Direct tractography registration is a recently described problem with
only a small number of publications, and so far as we know there are no
publicly available solutions. By direct registration we mean that no
other information apart from the tractographies themselves is used to
guide the registration. This is in contrast to the previous sections
where we used FA registration mappings applied to tractographies (see
section~\ref{sub:Atlases-made-easy}) which is also most commonly used in
the literature along with other Tensor based
methods~\citep{goh2006algebraic}.

The currently described methodologies on this subject are as follows.
\citet{leemans2006multiscale} uses the invariance of
curvature and torsion under rigid registration along with Procrustes
analysis to co-register together different tractographies.
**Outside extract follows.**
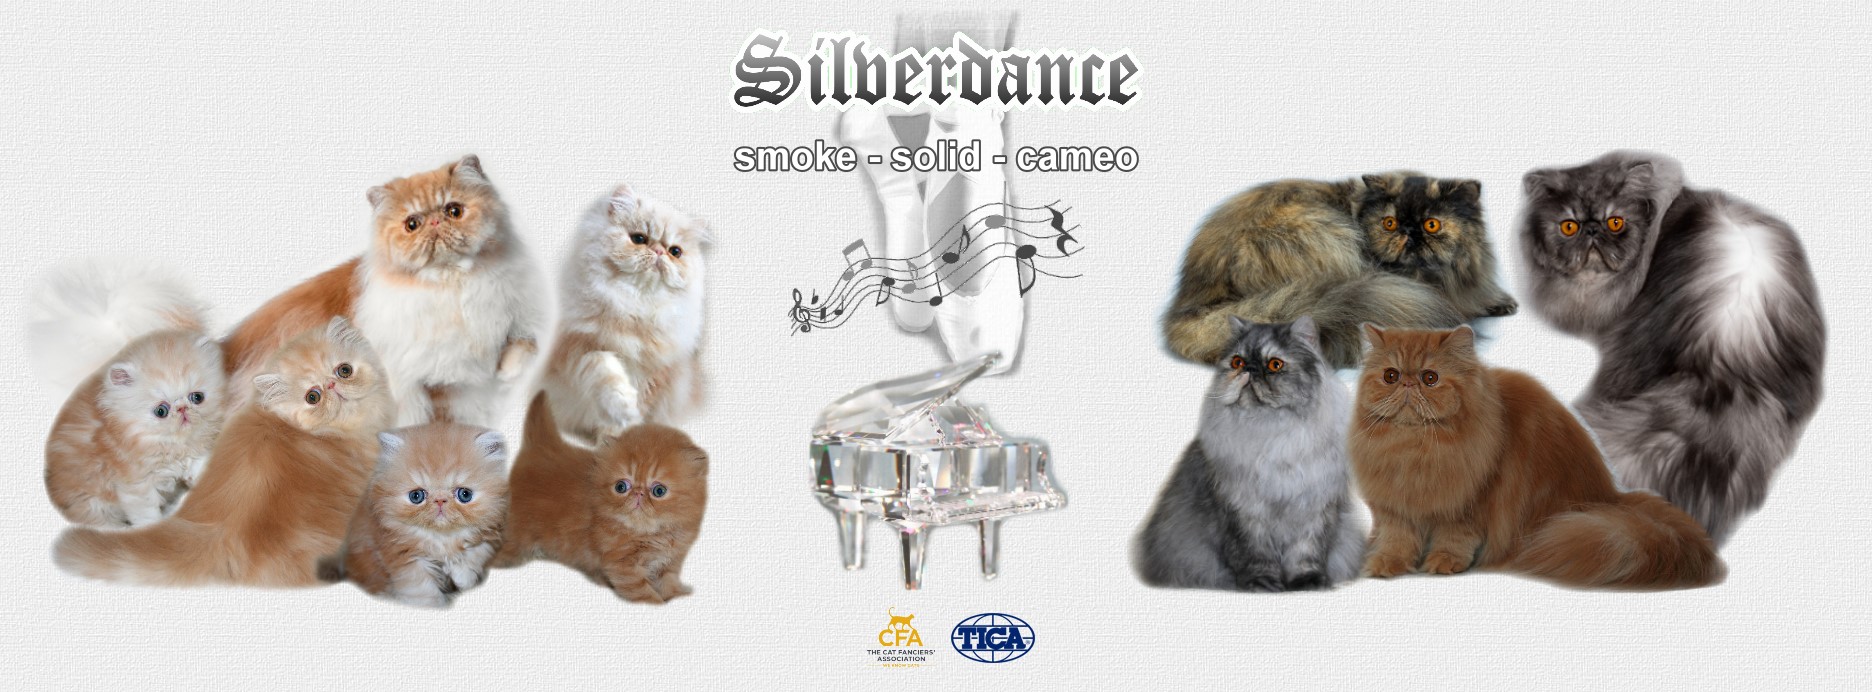 Silverdance Persians - CFA & TICA cattery for smoke Persians & solid Persians & cameo Persians 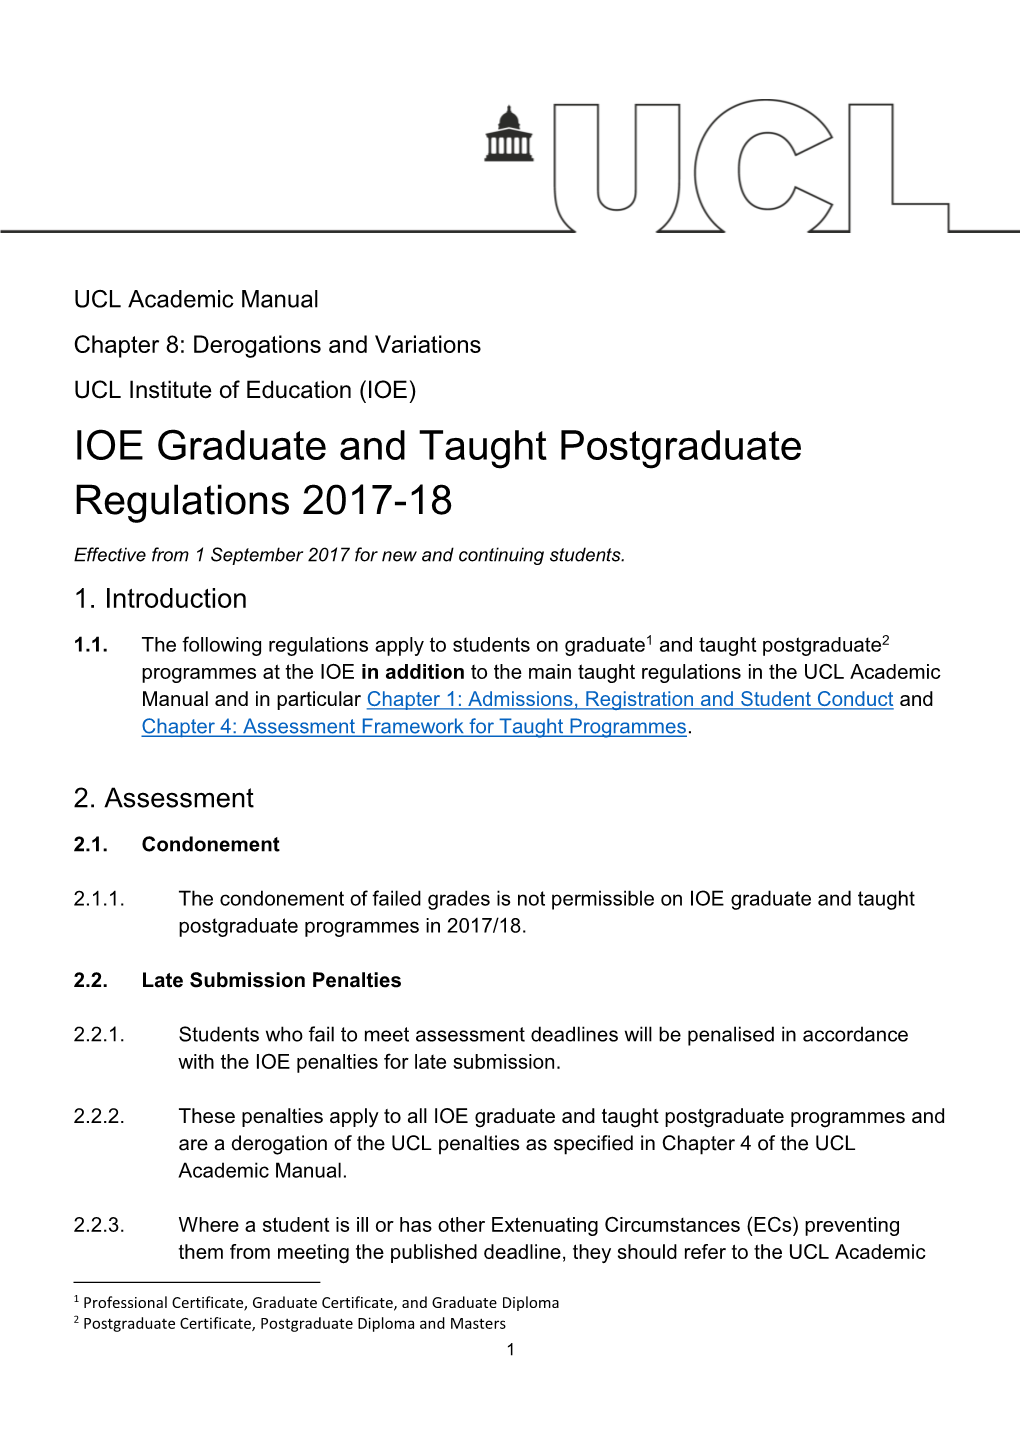 IOE Graduate and Taught Postgraduate Regulations 2017-18

Mayer et
al.~used iterative closest point applied to register pre-selected
bundles (bundles of interest - BOI)~\citep{mayer2008bundles,mayerdirect} and extended it using probabilistic boosting tree
classifiers for bundle segmentation
in \citep{mayer2011supervised}. \citet{durrleman2010registration} reformulated the tracks as currents
and implemented a currents based registration. \citep{zvitia2008adaptive,Zvitia2010} used adaptive mean
shift clustering to extract a number of representative
fi{}bre-modes. Each fibre mode was assigned to a multivariate Gaussian
distribution according to its population thereby leading to a Gaussian
Mixture model (GMM) representation for the entire set of fibres. The
registration between two fibre sets was treated as the alignment of two
GMMs and is performed by maximizing their correlation ratio. A further
refinement was added using RANSAC \citep{fischler1981random} to obtain all
$12$ affine parameters. \citet{ZiyanMICCAI07} developed a
nonlinear registration algorithm based on the log-Euclidean polyaffine
framework\citep{Arsigny2009}; however this is not a direct tractography
registration algorithm as they first create scalar volumes, therefore
they do not try to register the tracks themselves in their space.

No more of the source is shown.